KR20090003813A - Cryogenic composite refrigeration unit and its control method - Google Patents

Abstract

The present invention relates to an ultra-low temperature complex refrigeration system and a control method by combining the direct cooling method with the indirect cooling method to shorten the return time of the set temperature in the freezer and reduce the power consumption. According to an embodiment, the internal warehouse 100 In the refrigeration system of), the first compressor (12), the first condenser (14), the first expansion valve (16), the first evaporator (18) disposed in the freezing chamber (102) of the freezer (100) Direct cooling unit 10 provided; Cooling endothermic and cooled in the second compressor 22, the second condenser 24, the second expansion valve 26, the second evaporator 28 and the second evaporator 28 disposed in the freezer compartment 102 An indirect cooling unit (20) having a cold air fan (29) for delivering air to the freezing compartment; A temperature sensor 202 installed in the freezing compartment 102; It characterized in that it comprises a control unit 200 for controlling the operation of the first compressor 12, the second compressor 22 and the solenoid valve 15 according to the temperature change detected by the temperature sensor 202.

Description

Cryogenic composite refrigeration system and its control method

The following drawings, which are attached in this specification, illustrate preferred embodiments of the present invention, and together with the detailed description of the present invention, serve to further understand the technical spirit of the present invention. It should not be construed as limited to.

1 is a schematic configuration diagram of a cryogenic composite refrigeration system according to the present invention.

Figure 2 is a flow chart of the operation of the first and second compressors applied to the cryogenic composite refrigeration system according to the present invention.

Figure 3 is a flow chart of the operation of the solenoid valve applied to the cryogenic composite refrigeration system according to the present invention.

Figure 4 is an operation diagram according to the temperature control of the first and second compressors applied to the cryogenic composite refrigeration system according to the present invention.

<Explanation of symbols for the main parts of the drawings>

10: Direct Cooling Unit

15: Expansion valve

12,22: first and second compressor

14,24: 1st, 2nd condenser

16, 26: 1st, 2nd expansion valve

18,28: 1st, 2nd evaporator

20: indirect cooling unit

200: control unit

202: temperature sensor

The present invention relates to an ultra low temperature complex refrigeration system and a control method thereof, and more particularly, to an ultra low temperature complex refrigeration system and control method in which a direct cooling method is combined with an indirect cooling method to shorten the return time of a set temperature in a freezer warehouse and reduce power consumption.
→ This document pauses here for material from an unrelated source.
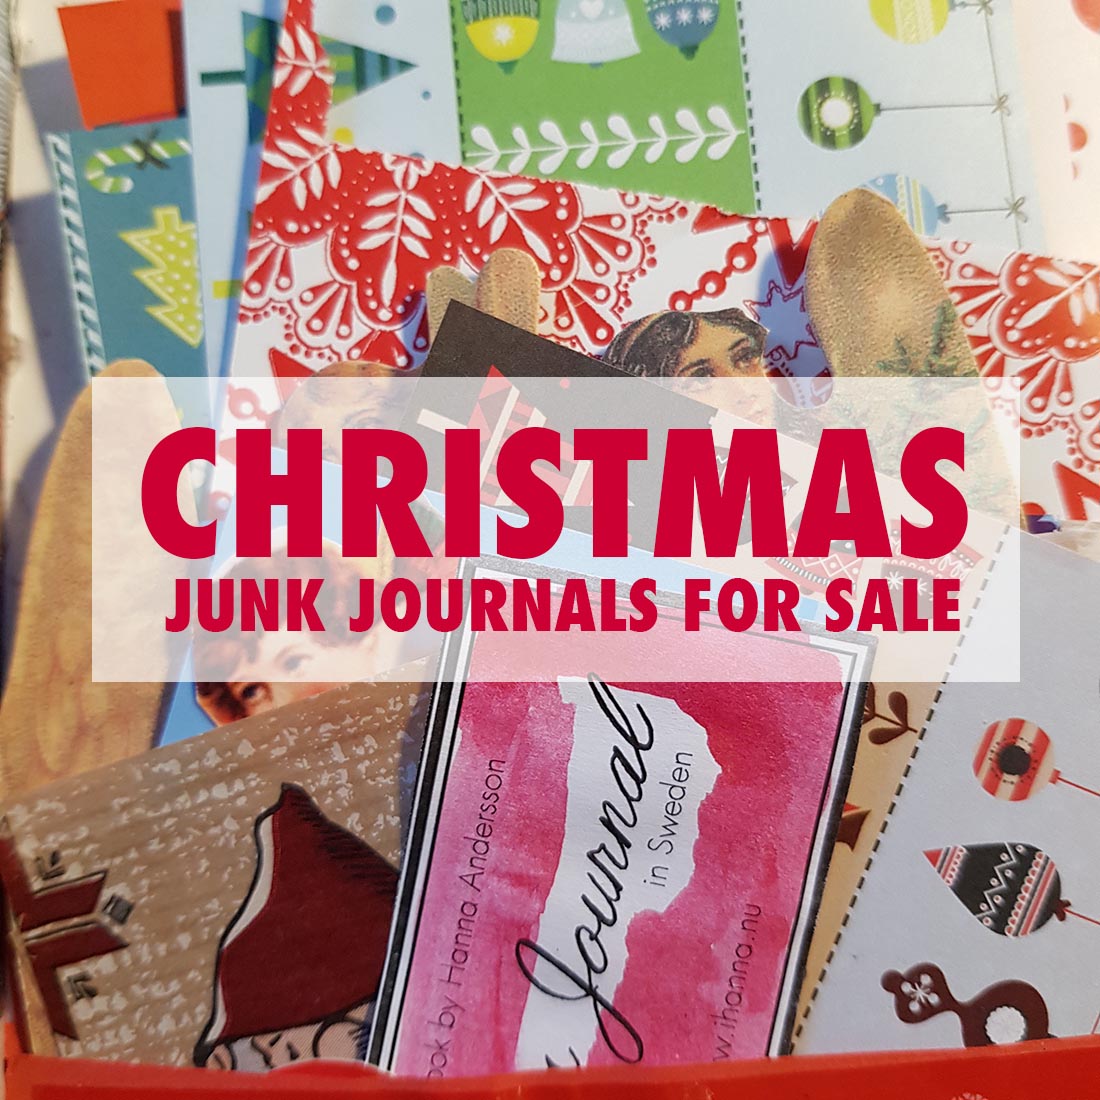 Christmas Junk Journals for sale made by iHanna in Sweden #decemberdaily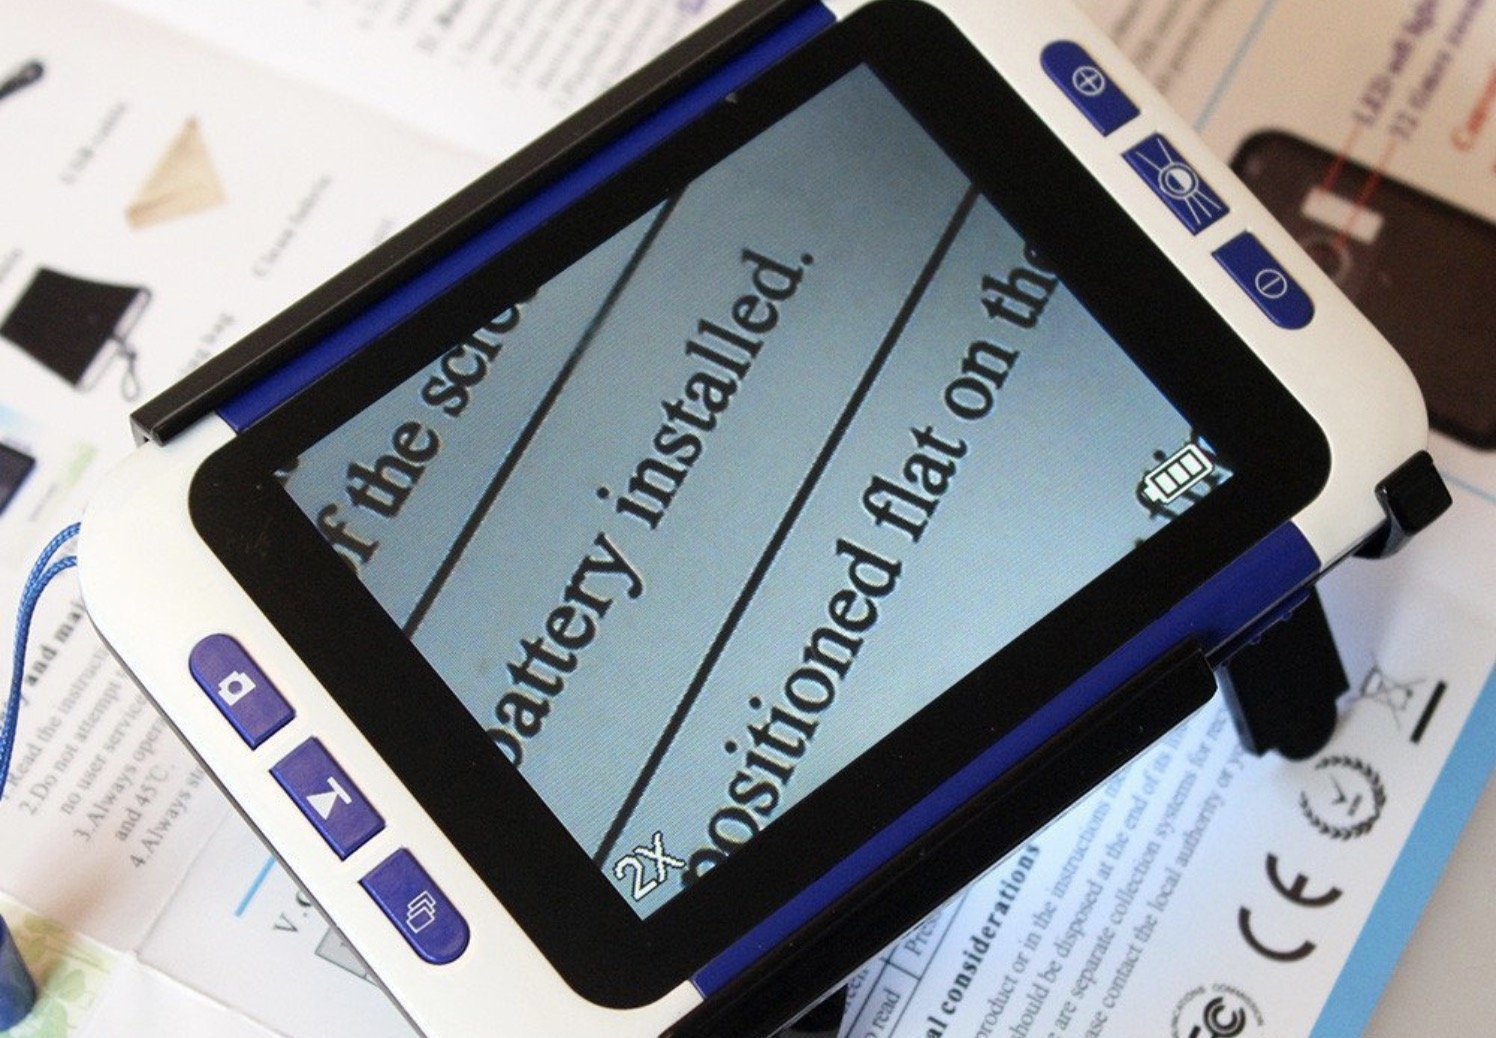 An image of an electronic magnifier showing larger text inside a book

It is about.

In general, the temperature of the freezer warehouse is rapidly increased because the door must be opened during the entry and export time of the display goods. In particular, in the case of cryogenic freezers that implement freezers below minus 50 degrees, changes in the cooling temperature will degrade the quality of the display goods.

Therefore, in the case of freezing and storing the fish sashimi such as tuna freshness is important, even if the freezing temperature rises it should be dropped to the cooling temperature set in a short time to prevent changes in the meat quality of the frozen product.

Conventionally, a refrigeration system for implementing a cryogenic freezing warehouse used either a direct cooling method or an indirect cooling method. Here, the direct cooling method is a method of cooling the freezer compartment by using an endotherm of the evaporator, and the indirect cooling method is a method of cooling by cooling the cooled cold air.

However, when using these direct and indirect cooling methods individually, there are the following problems.

In the case of the direct cooling method, there is a problem that it takes a long time to return to the set temperature, and in the case of the indirect cooling method, there is a problem of causing dry phenomenon of the display goods.

For this reason, when using the direct and indirect cooling method individually, the freezing temperature is increased due to the inflow of outside air at the time of import and export of goods in the freezer warehouse, the freshness of the display goods is reduced and the quality of meat cannot be prevented.

Therefore, the present invention was created in view of the above-mentioned circumstances, and combined with the direct cooling method and the indirect cooling method to shorten the return time of the set temperature in the freezer warehouse so that there is no change in freshness or meat quality of the display goods. It is an object of the present invention to provide a cryogenic complex refrigeration system and a control method thereof, which can greatly reduce power consumption.

Hereinafter, exemplary embodiments of the present invention will be described in detail with reference to the accompanying drawings.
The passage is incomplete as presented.